» Your objective
Return only these lines: the one that contains "Promocin de europa" and every line after it through the end of the listing, exactly, without pictures.

----- Information supplied -----

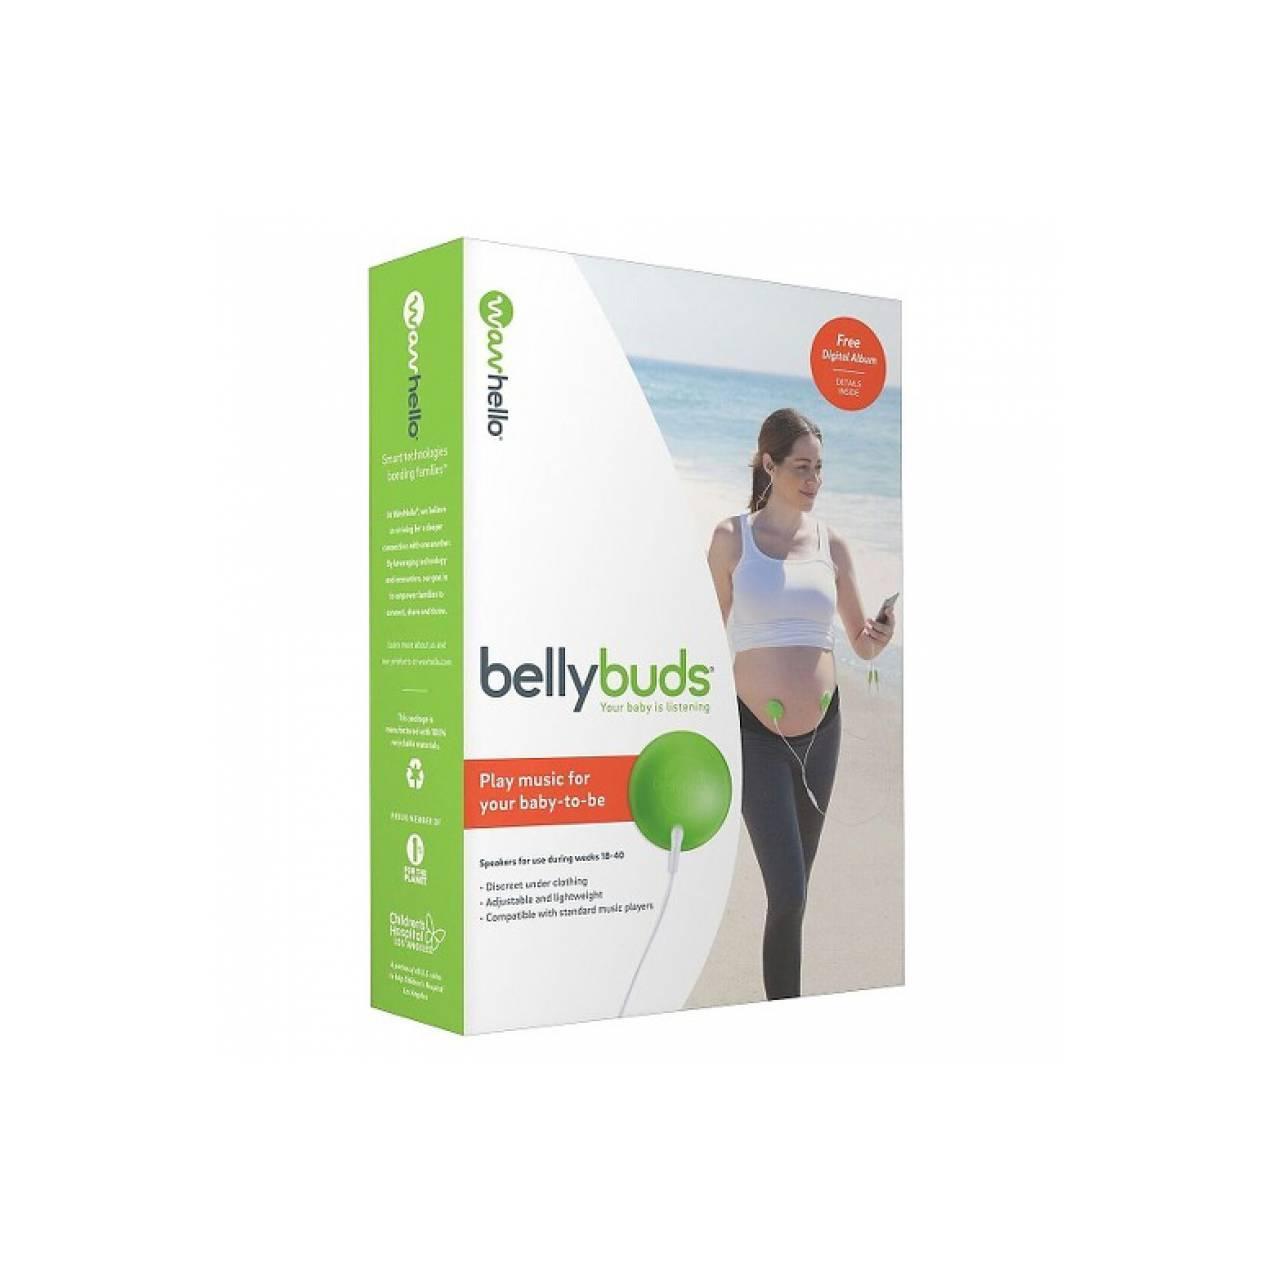 Bellybuds Baby-Bump Sound System
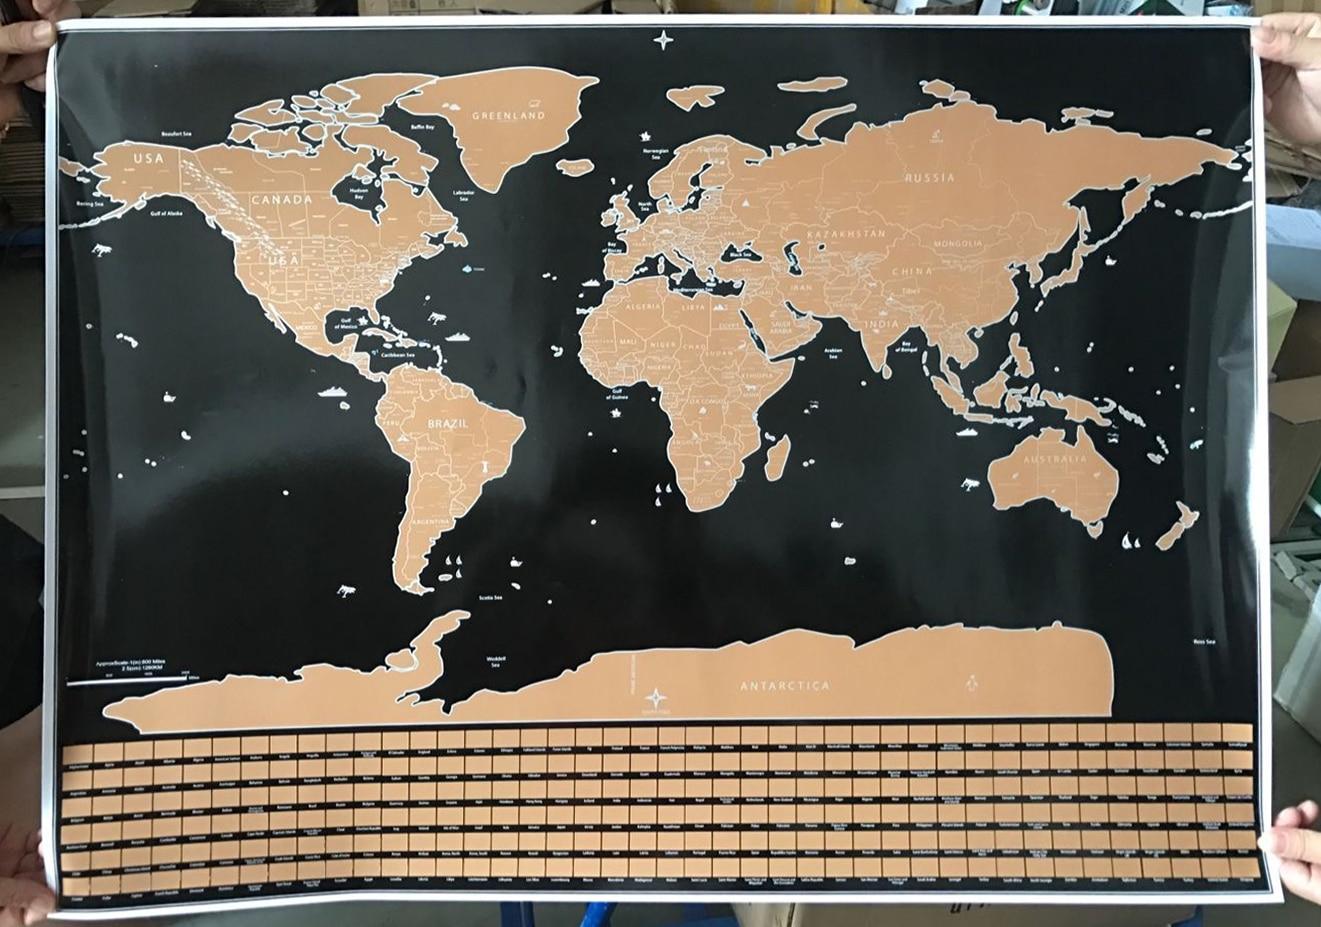 Promocin de europa mapa de pared 3d compra europa mapa de pared 1 unids nueva llegada deluxe rascar mapa mundial personalizada bandera de mapa de scratch scratch off para viajes gumiabroncs Images
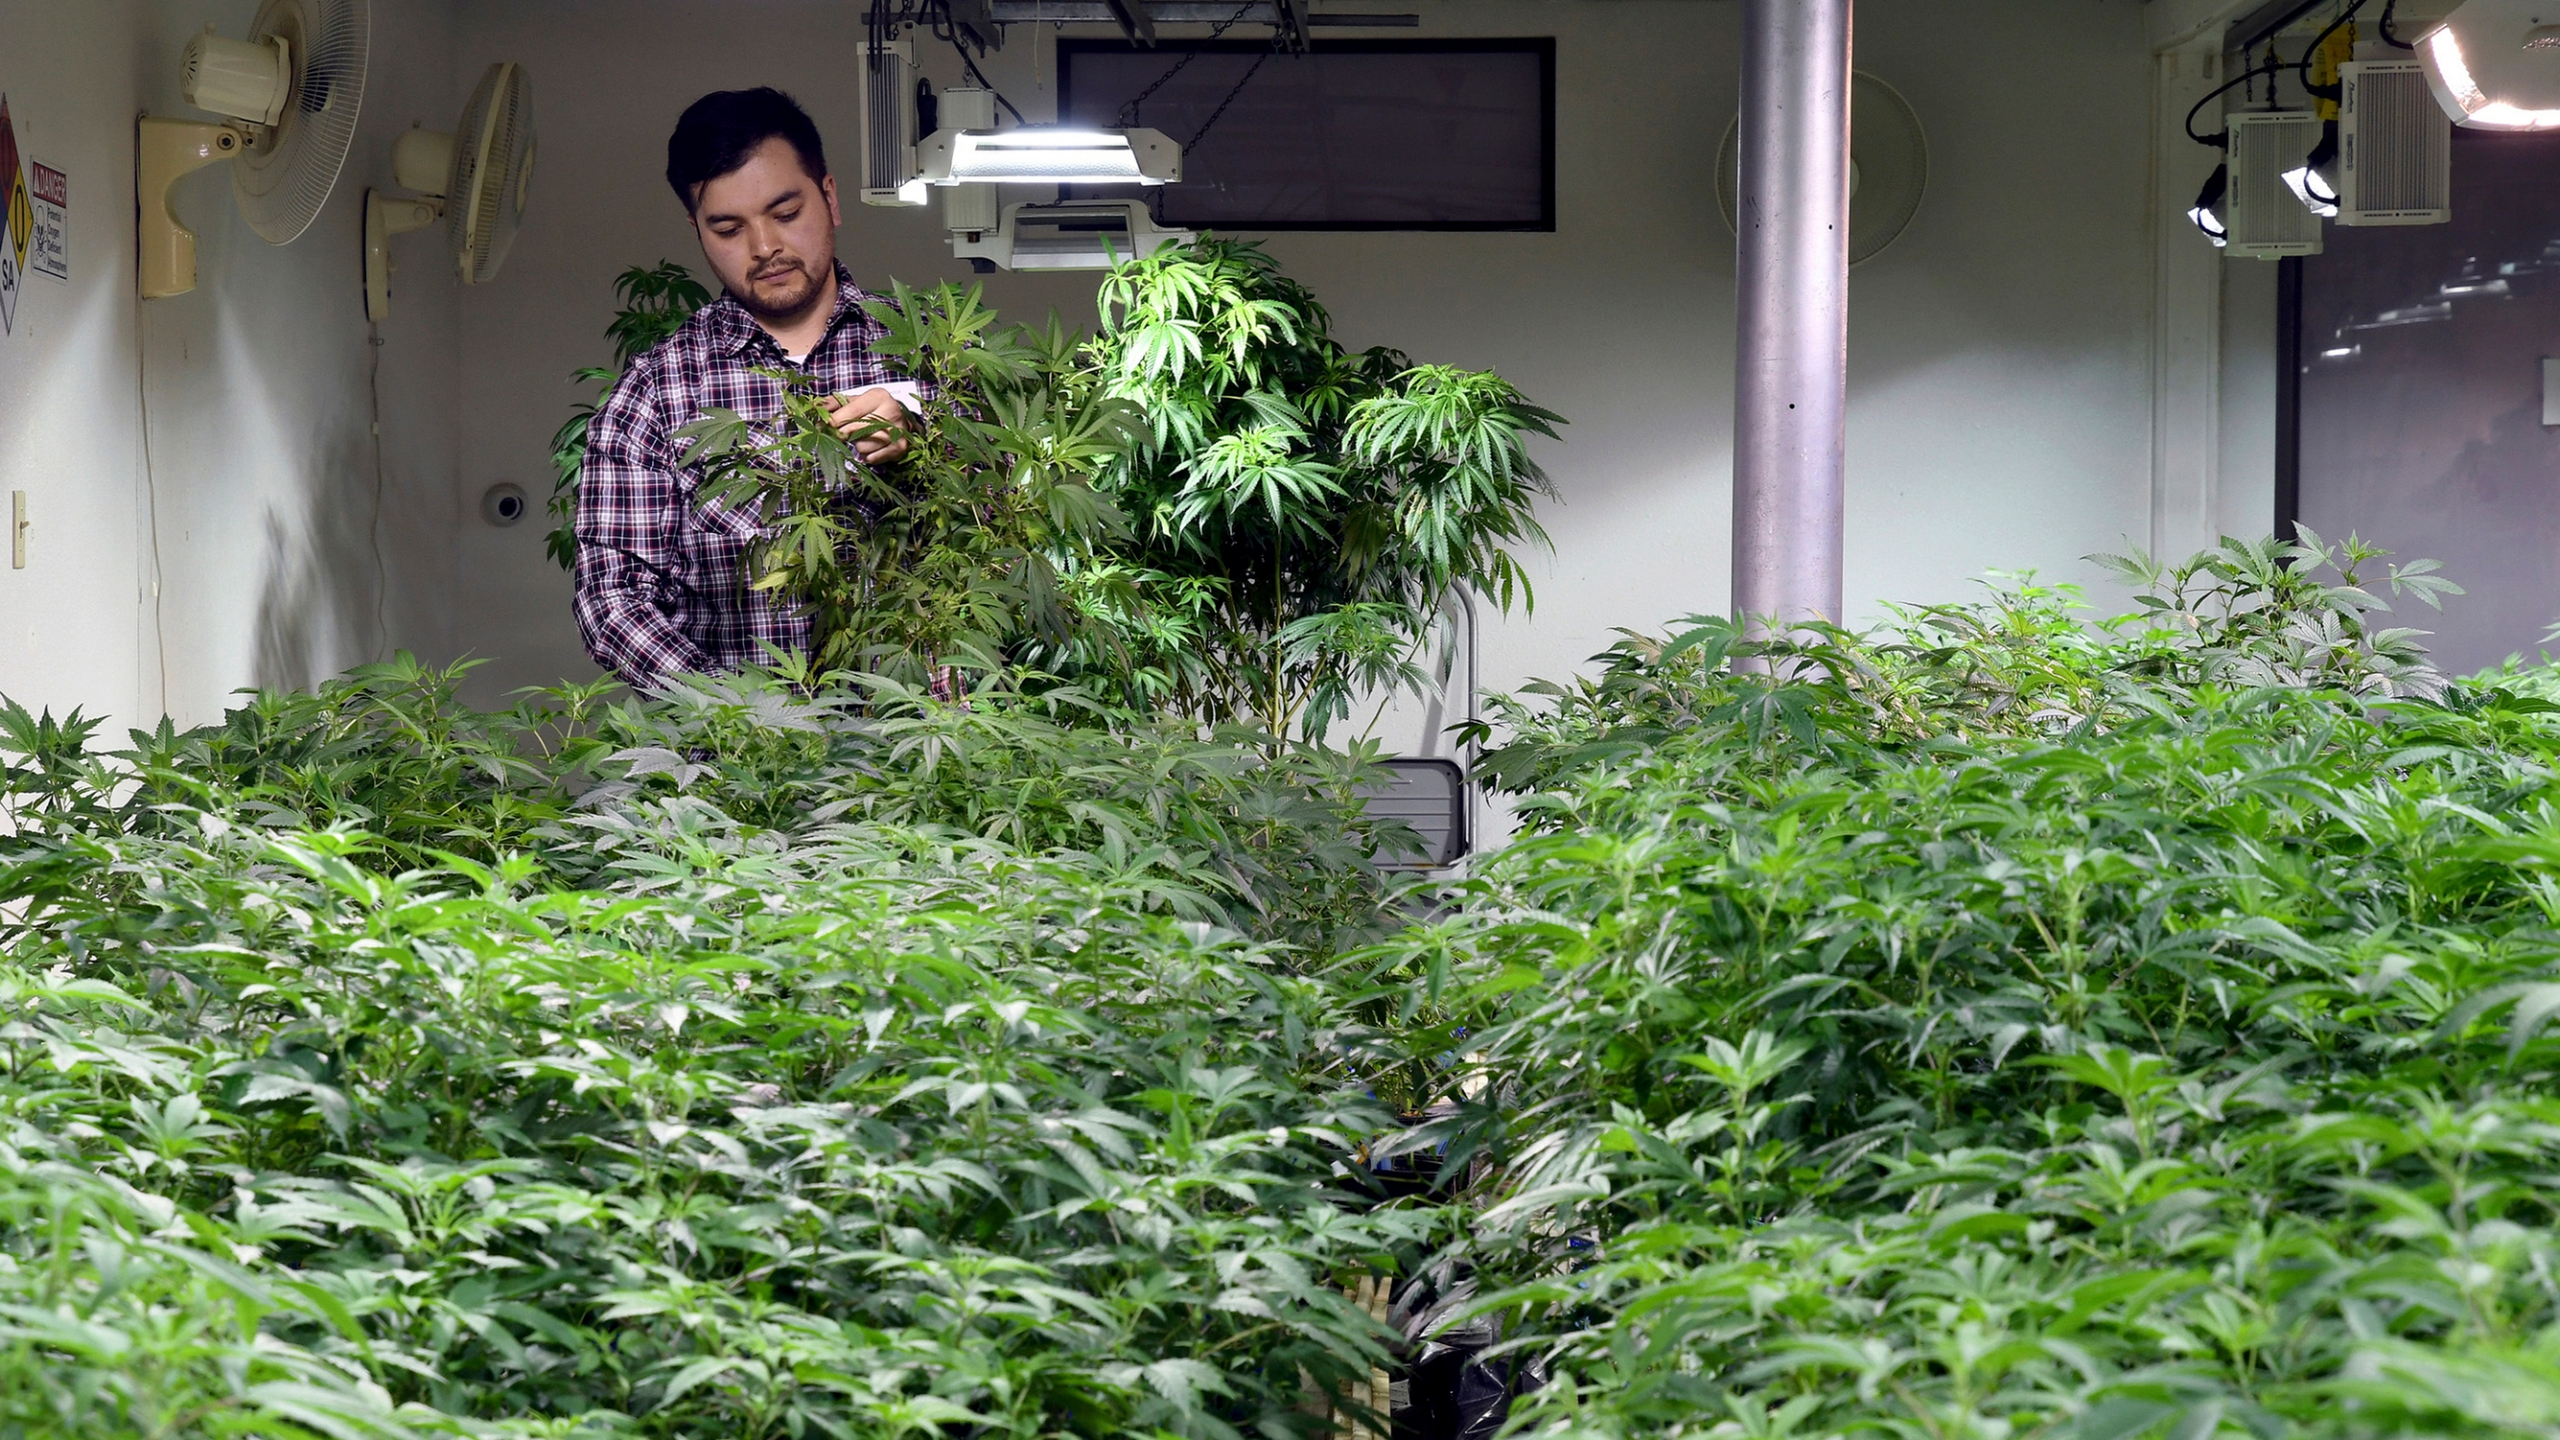 Legal_Marijuana_Citizenship_Denials_59360-159532.jpg98224624

-----

» Exercise result
 Promocin de europa mapa de pared 3d compra europa mapa de pared 1 unids nueva llegada deluxe rascar mapa mundial personalizada bandera de mapa de scratch scratch off para viajes gumiabroncs Images
 Legal_Marijuana_Citizenship_Denials_59360-159532.jpg98224624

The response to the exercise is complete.